Egill Thor Nielsson

The Arctic is undergoing rapid changes and has in the last century moved from being a largely unknown part of the world to a global hotspot. In recent times the Arctic region has started to carry more weight in geo-economic terms than before, due to its promises of vast amounts of attainable mineral resources and feasible Arctic shipping routes. These discourses have mainly emphasised the larger and more powerful Arctic players, while sparsely populated places such as Iceland, Faroe Islands and to some extent Greenland are seldom in the foreground. This briefing note seeks to explain how West Nordic cooperation has grown in the past 30 years, both internally and externally, and how the West Nordic council members can influence Arctic developments in a stronger manner, by identifying common Arctic interests and goals, which can then be implemented through a joint West Nordic Arctic strategy.

This opportunity will be looked at through the following questions:

  • What is the West Nordic Council and how does West Nordic cooperation work?
  • How can the West Nordic countries increase their Arctic cooperation and the influence they hold in a gradually more global Arctic?

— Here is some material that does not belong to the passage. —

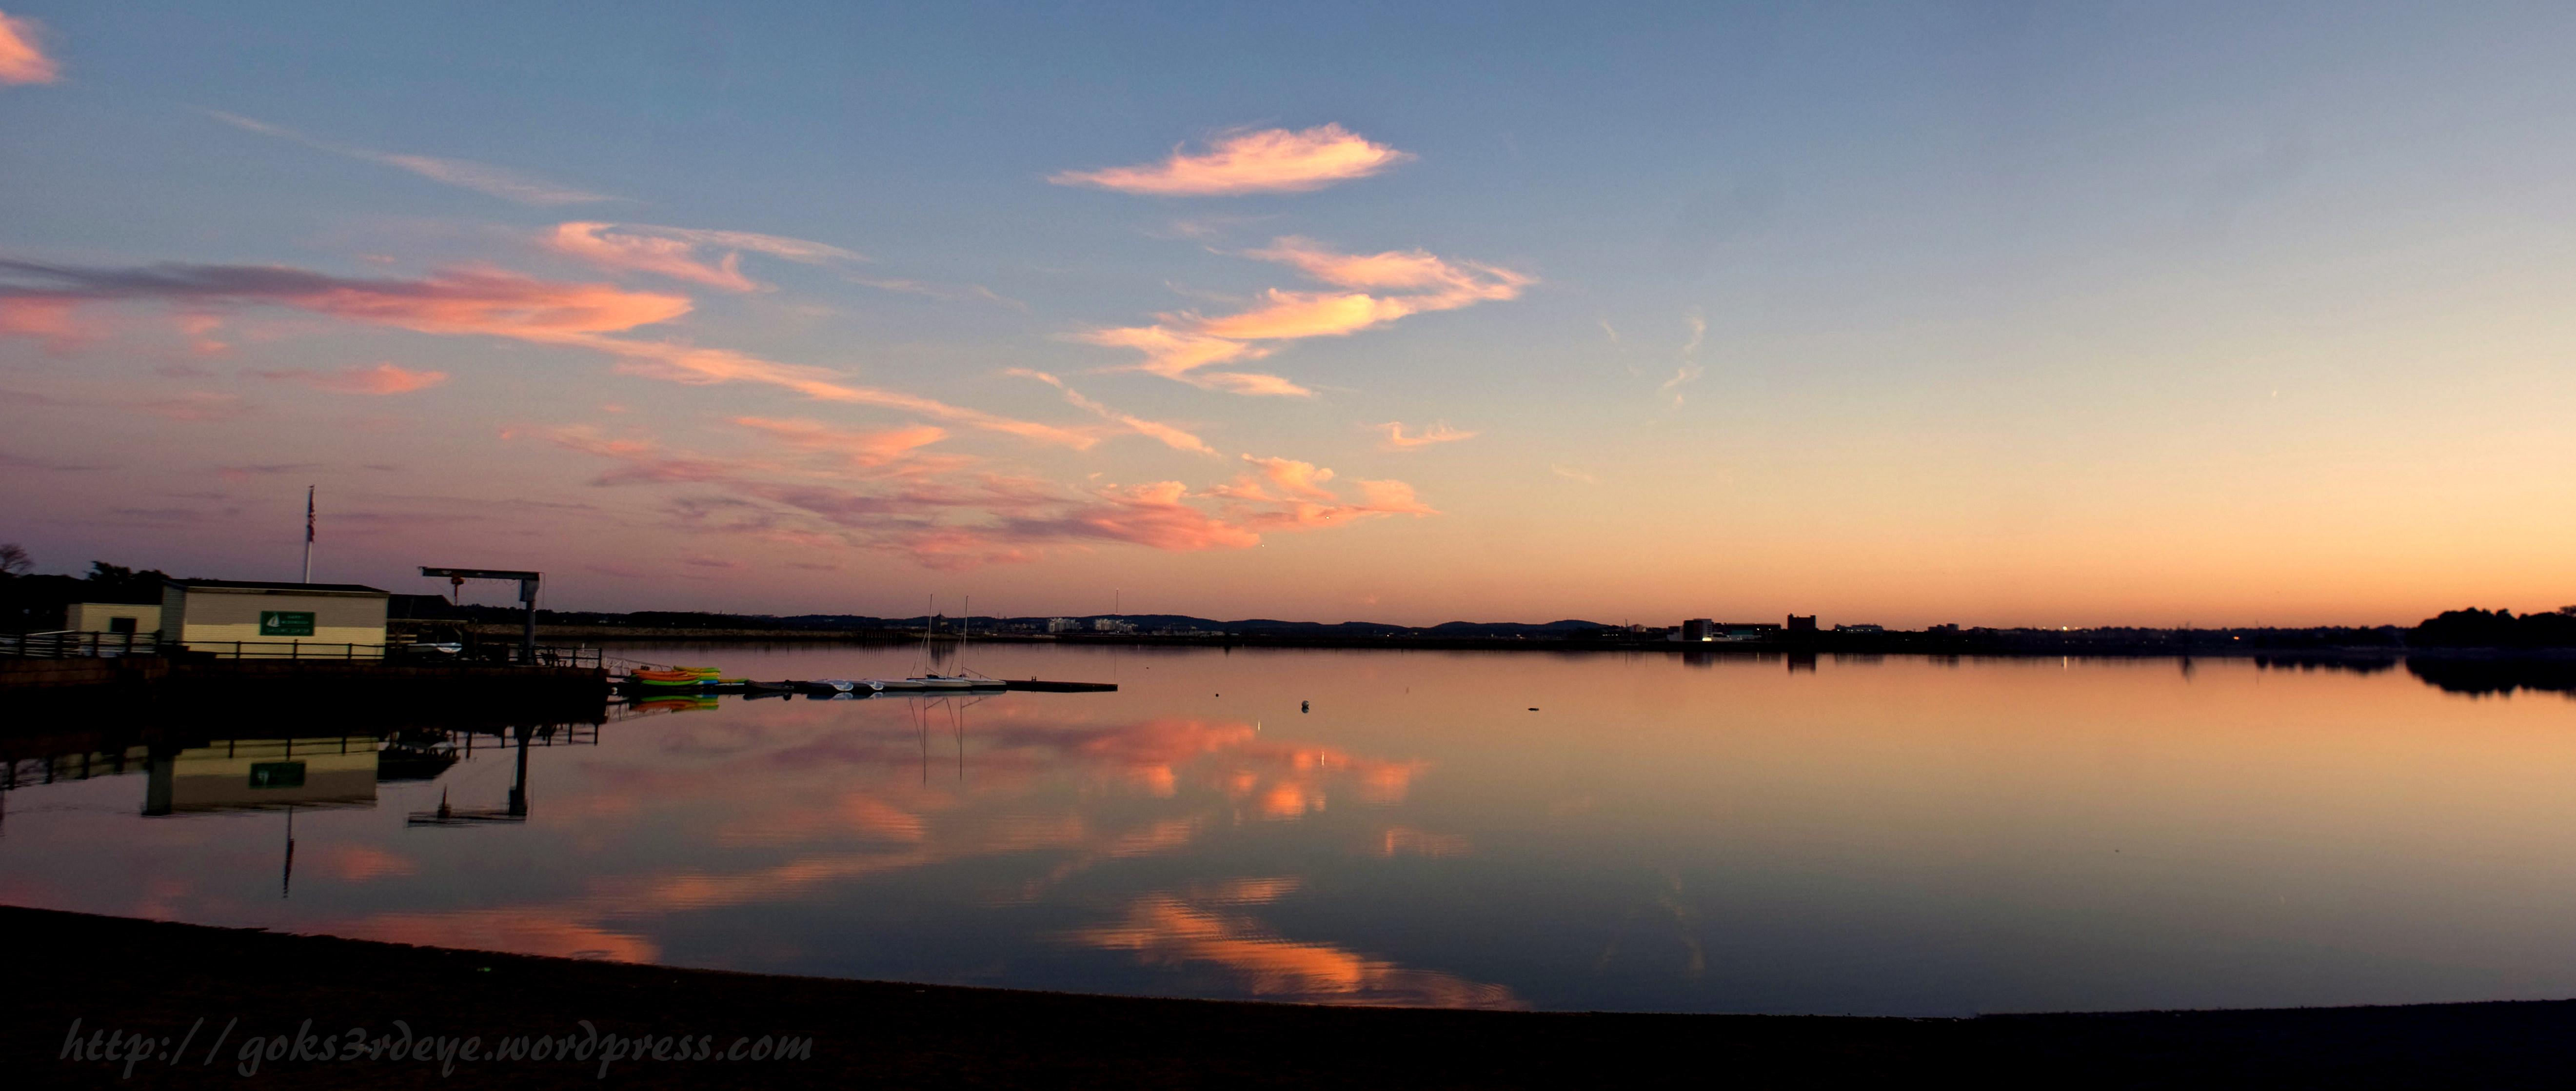 Beautiful Evening Sky Reflection | The Sensations

The Origins and Rational for West Nordic Cooperation

The West Nordic Parliamentarian Council of Cooperation was formed in Nuuk in 1985 and its establishment created a formal cooperation between the parliaments of the three West Nordic countries, namely: Iceland, Greenland and the Faroe Islands1 (Althingi, 2013a). The council was created following political discussions in the three countries during the early 1980s, after home rule was introduced in Greenland 1979. Its rational was: to cooperate on common problems and to conduct positive and constructive cooperation regarding West Nordic, or North Atlantic, issues with the Nordic Council as well as other organisations (West Nordic Council, n.d.).

The cooperation has strong roots given that the three countries are geographical neighbours and share many historical and cultural bonds, as well as basic natural and economic conditions; in terms of (often harsh) living conditions in small and isolated communities, highly dependent on adaptation to their natural surroundings and especially the use of maritime resources (see Althing, 2011; ibid, 2013a; Thór, Thorleifsen, Mortensen, & Marquardt, 2012; West Nordic Council, n.d.).

The West Nordic Council

The West Nordic Council and Its Arctic Engagement 3 Arctic Yearbook 2013 In the year 1997 a new charter was agreed upon by the three respective West Nordic national parliaments and the council's name was changed from the West Nordic Parliamentarian Council of Cooperation to the West Nordic Council. Subsequently, the council undertook some changes by introducing new working rules and strengthening its goals (Althingi, 2013b). Broadening its focus from cultural/social purposes (Bailes and Heininen, 2012: 73), to include amongst other issues increased political and economic cooperation (West Nordic Council, n.d.). The West Nordic Council meets twice every year, once for an annual general meeting, which constitutes as the council's supreme authority, and once for a theme conference. Its work is then realised through recommendations approved at the annual general meeting, which are then presented to the member countries parliaments and executed by the appropriate minister (West Nordic Council, n.d.a). In recent years the West Nordic Council has given recommendations on various issues, including search and rescue, resources and transportation, cultural and environmental affairs, as well as foreign affairs – with Arctic issues at the forefront (Althingi, 2013b; West Nordic Council, 2012).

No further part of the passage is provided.